By Jared Newman | Monday, September 27, 2010 at 1:27 pm
A recent Playstation 3 firmware update has blocked knock-off Playstation 3 controllers, but not without taking down a few legitimate third-party controllers from Mad Catz.
The Mad Catz controllers that no longer work with the Playstation 3’s latest firmware are the 2008 Wireless PS3 GamePad, 2008 Wired PS3 GamePad and PS3 Wireless MicroCon. Mad Catz will replace the controllers if they’re within the standard warranty of five years, GamesIndustry.biz reports, so anyone who acts before 2012 should be fine.

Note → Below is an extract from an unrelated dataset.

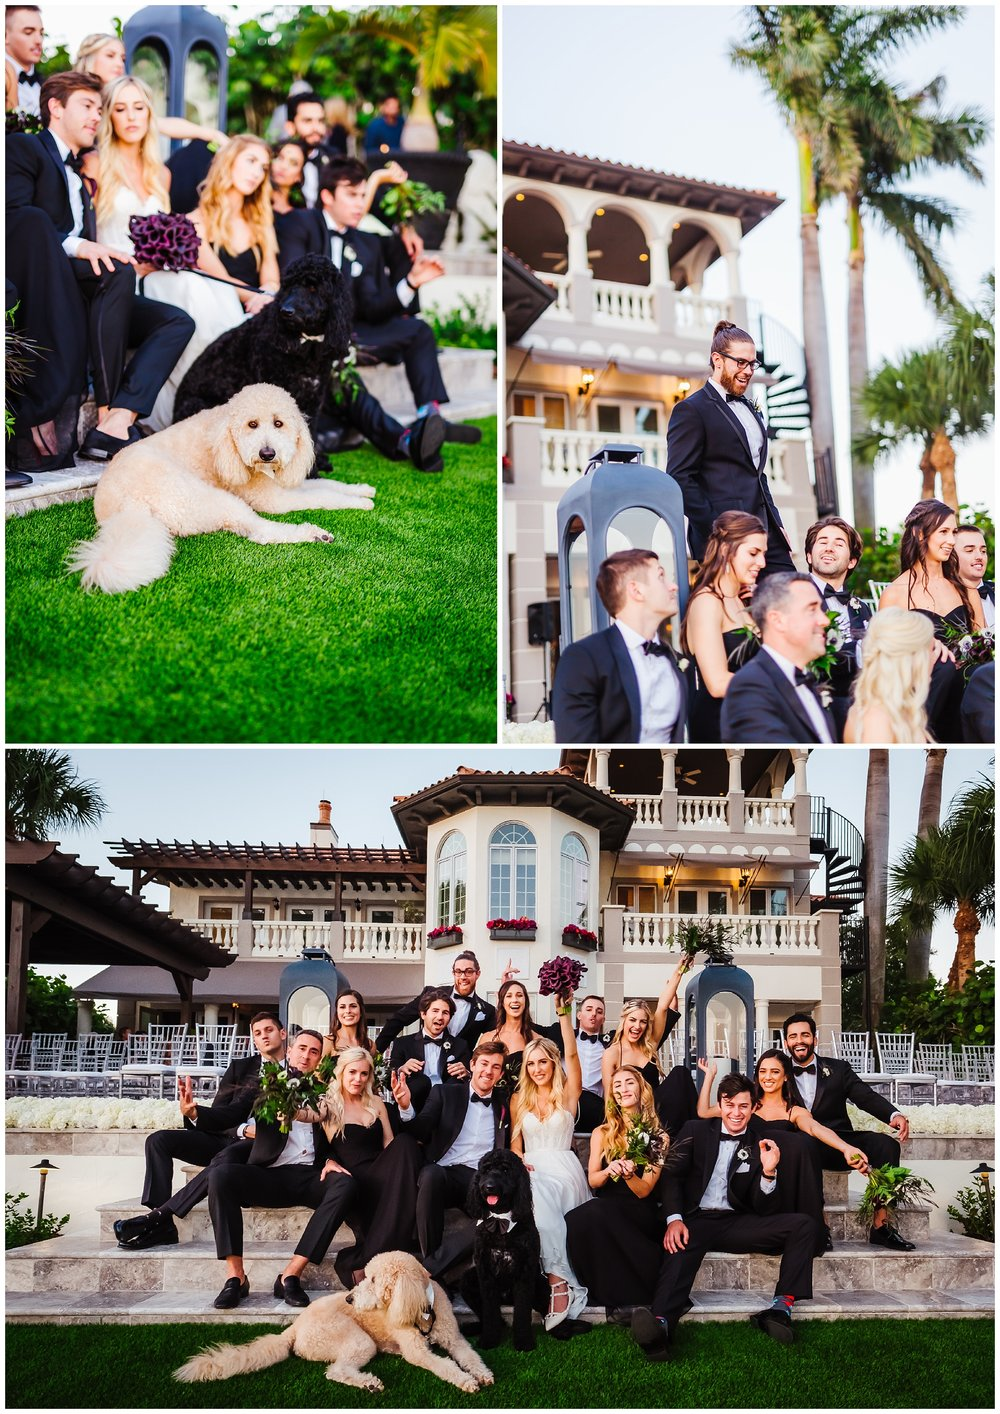 st-pete-wedding-photographer-backyard-luxury-snell-isle-vinoy_0048.jpg

Why Sony is cracking down on counterfeit Playstation 3 controllers now is unclear. Sony’s official line is that fake controllers have been spotted in the market, and they’re prone to igniting or exploding.
Recent attempts to hack the PS3 might also explain the move; one “jailbreak,” called PSGroove, could use all kinds of modified USB devices (even a TI-84 calculator) to break down Sony’s defenses. The latest firmware update, version 3.50, patched these vulnerabilities, but Sony could now be trying to create a whitelist of approved USB devices to prevent future attacks, GamesIndustry.biz speculates.

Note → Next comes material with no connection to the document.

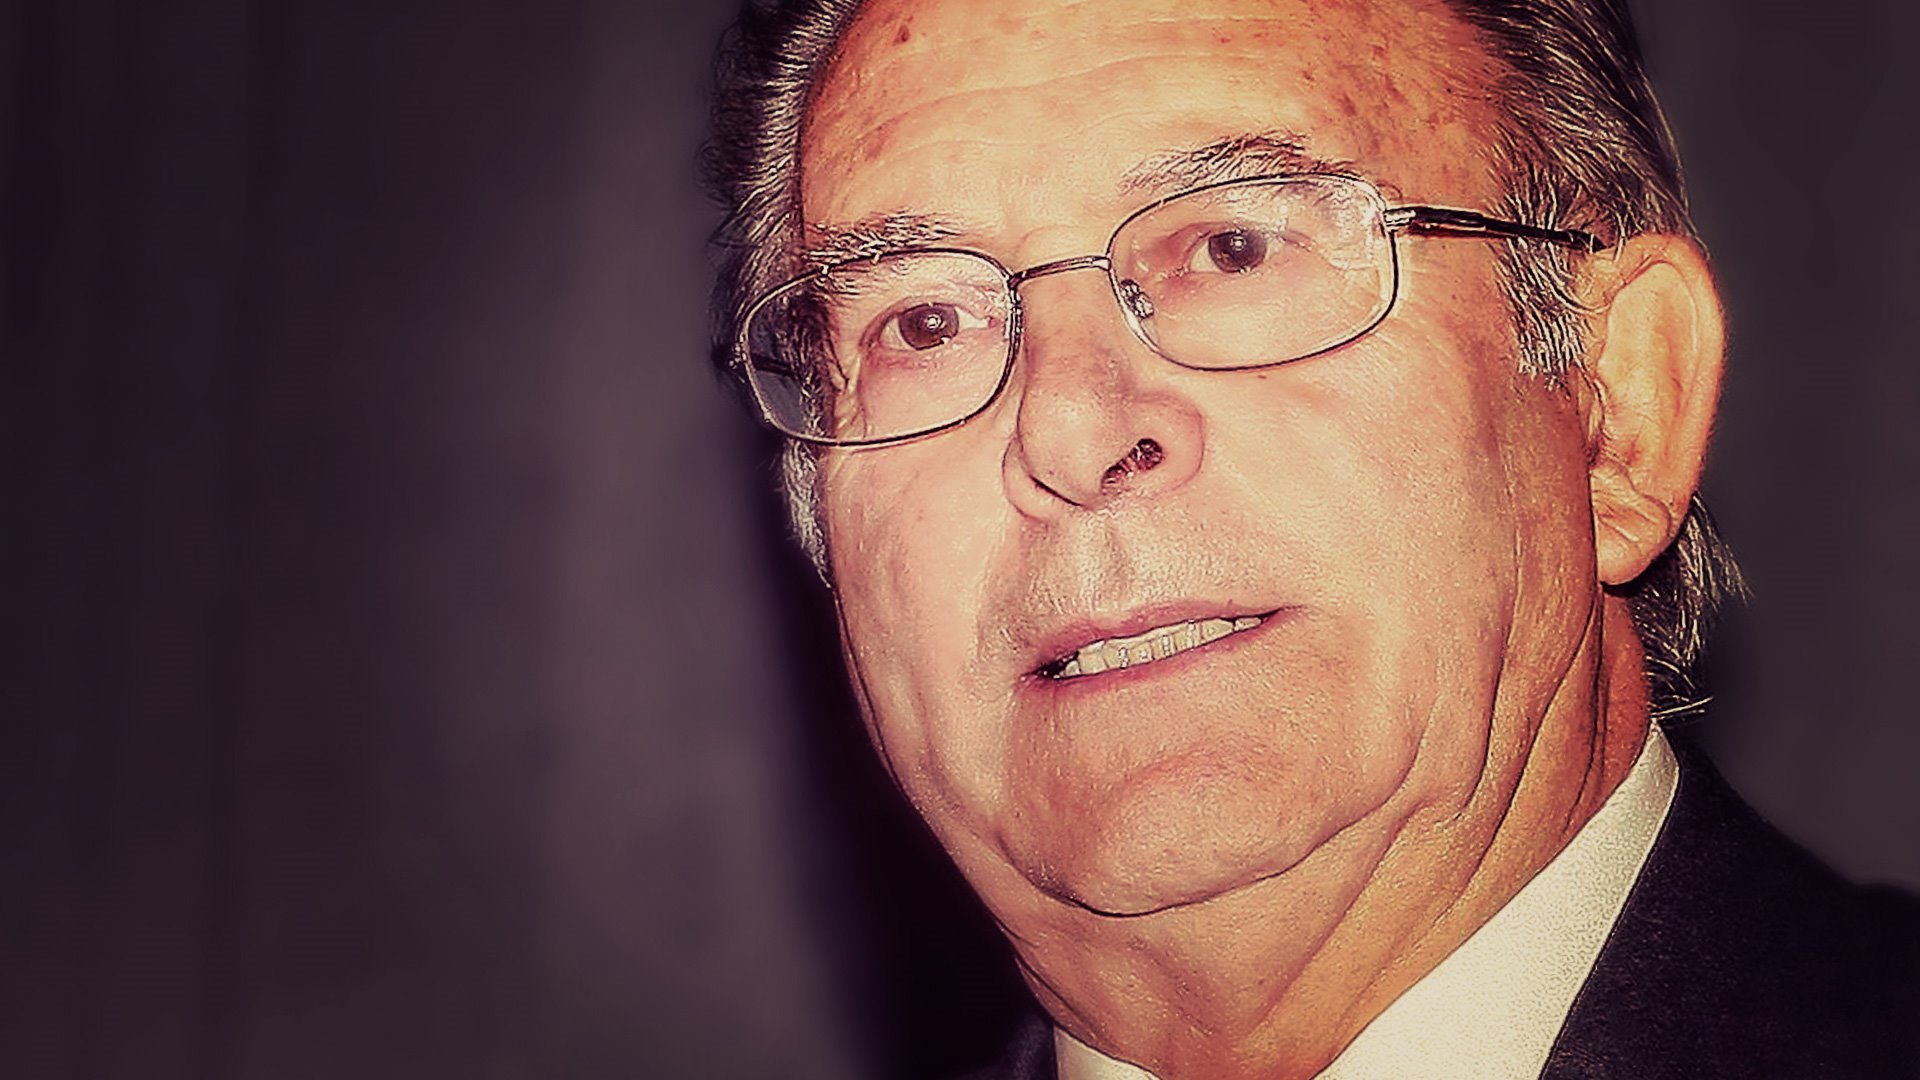 Pedro Cerezo Galán

Whatever the case, disabling video game hardware with software is a slippery slope. I’m reminded of when Microsoft locked out “unauthorized” third-party memory cards last year, alleging that these cards enabled players to cheat at Xbox Live. Microsoft’s intentions, however noble, left people with unusable memory cards, and no access to their data.
Kudos to Mad Catz for replacing its now-useless controllers from 2008. I’m guessing the cost of doing so is less than whatever lawsuits and other fallout would have occurred otherwise. But the idea that third-party hardware you buy today might get shut out in a few years leaves a bitter taste behind.